ISLAMABAD - The Central Development Working Party (CDWP) on Monday recommended Hyderabad–Sukkur 306km motorway project with the cost of Rs191.47 billion (15.56 percent higher than original PC-I) to ECNEC for further consideration.
The CDWP meeting, presided over by Deputy Chairman Planning Commission Mohammad Jehanzeb Khan, cleared a development project with estimated cost of Rs5 billion and recommended one project worth Rs191.47 billion to the Executive Committee of the National Economic Council (ECNEC) for further consideration. Senior officials from Planning Commission and federal ministries/divisions also participated in the meeting while representatives from provincial governments participated through video conference.
Projects related to health and transport & communications were presented in the meeting. A project related to transport & communication presented in the meeting namely “Construction of Hyderabad–Sukkur (306km) 6 Lane Divided Fenced Motorway on BOT Basis” worth Rs. 191471.074 million.
The Hyderabad–Sukkur Motorway project envisages construction of 306km long, 06-lane wide, access-controlled motorway. In the original PC-I, available with The Nation, approved by the ECNEC in July 2020 at the cost of Rs165.679 billion with the GOP share of Rs1122.782 million or 0.7 percent while the concessionaire share was Rs164.557 billion or 99.3 percent. However, in the revised PC-I the cost of the project was increased by 15.56 percent to Rs191.471 billion.
The stakeholders had demanded that the project may be structured by providing Viability Gap Fund (VGF). Therefore it was decided to re-strategy the project on the basis of provision of VGF to Rs75.89 billion by GOP.
The share of the government of Pakistan was increased from 0.7 percent to 39.6 percent or Rs75.893 billion, while the remaining 60.4 percent or Rs115.578 billion share will be paid to the concessionaire.

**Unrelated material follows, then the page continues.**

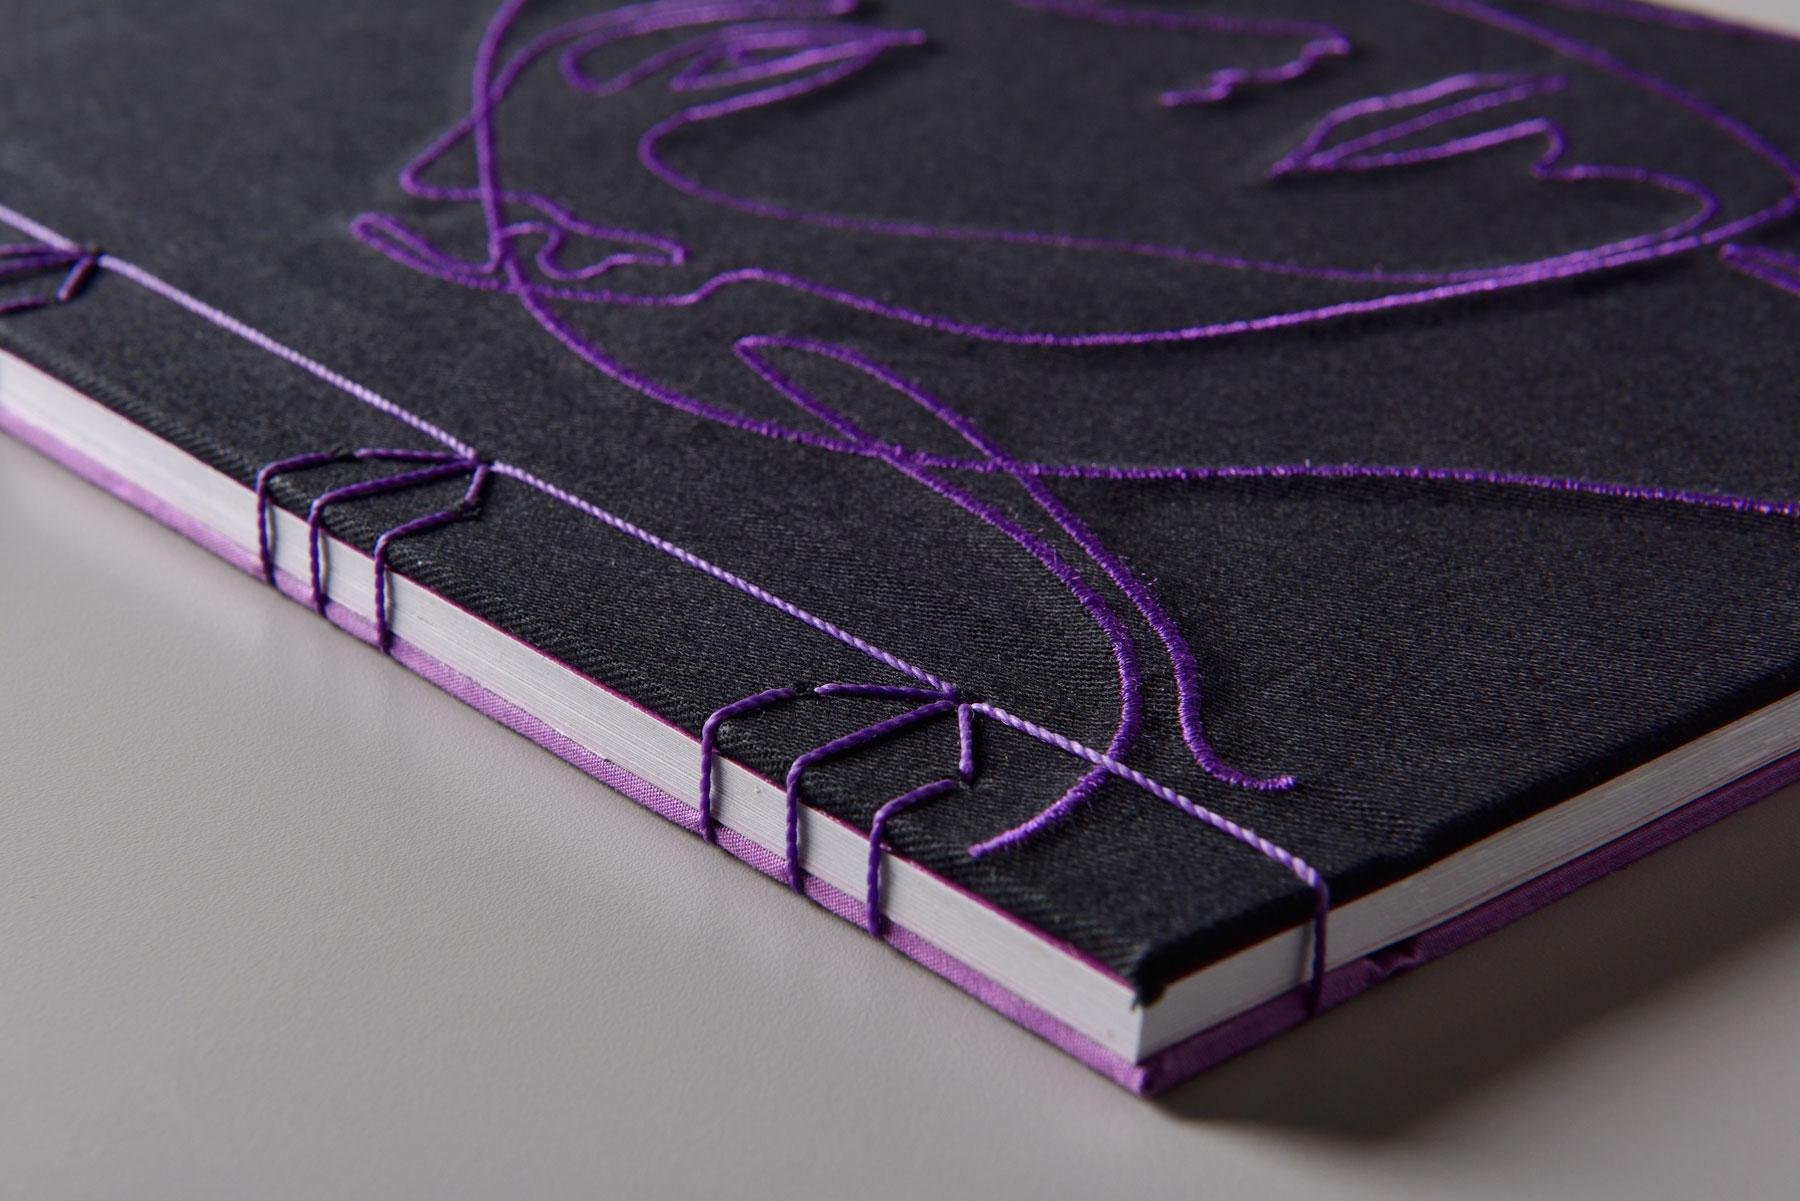 Costura japonesa, encadernação artesanal, livro de arte, livro especial, editora de arte

The project was discussed in the last CDWP meeting held on 12th April and CEO P3A was directed to present report on VGF financing.
The said information was shared with the forum and apprised that the Public Private Partnership Authority (PPPA) board on 22nd April approved provision of Rs92 billion from the budget and through toll charges to make the Hyderabad-Sukkur motorway project financially viable and attractive for private parties.
The P3A presented the financial model approved by its board before the CDWP. The CDWP recommended the financial model for consideration of the ECNEC which stated that the project will be implemented on a BOT, user-charge basis with the provision of capital and operational Viability Gap Funding (VGF) to improve the financial viability and bankability of the project.
A project related to health namely “Strengthening of Existing DHQs, and selected THQs, RHCs, BHUs in District Awaran, Washuk, Khuzdar, Lesbela, Panjgur, Gwadar and Kech (Less Developed areas of the Balochistan)” worth Rs4996.60 million approved in the meeting.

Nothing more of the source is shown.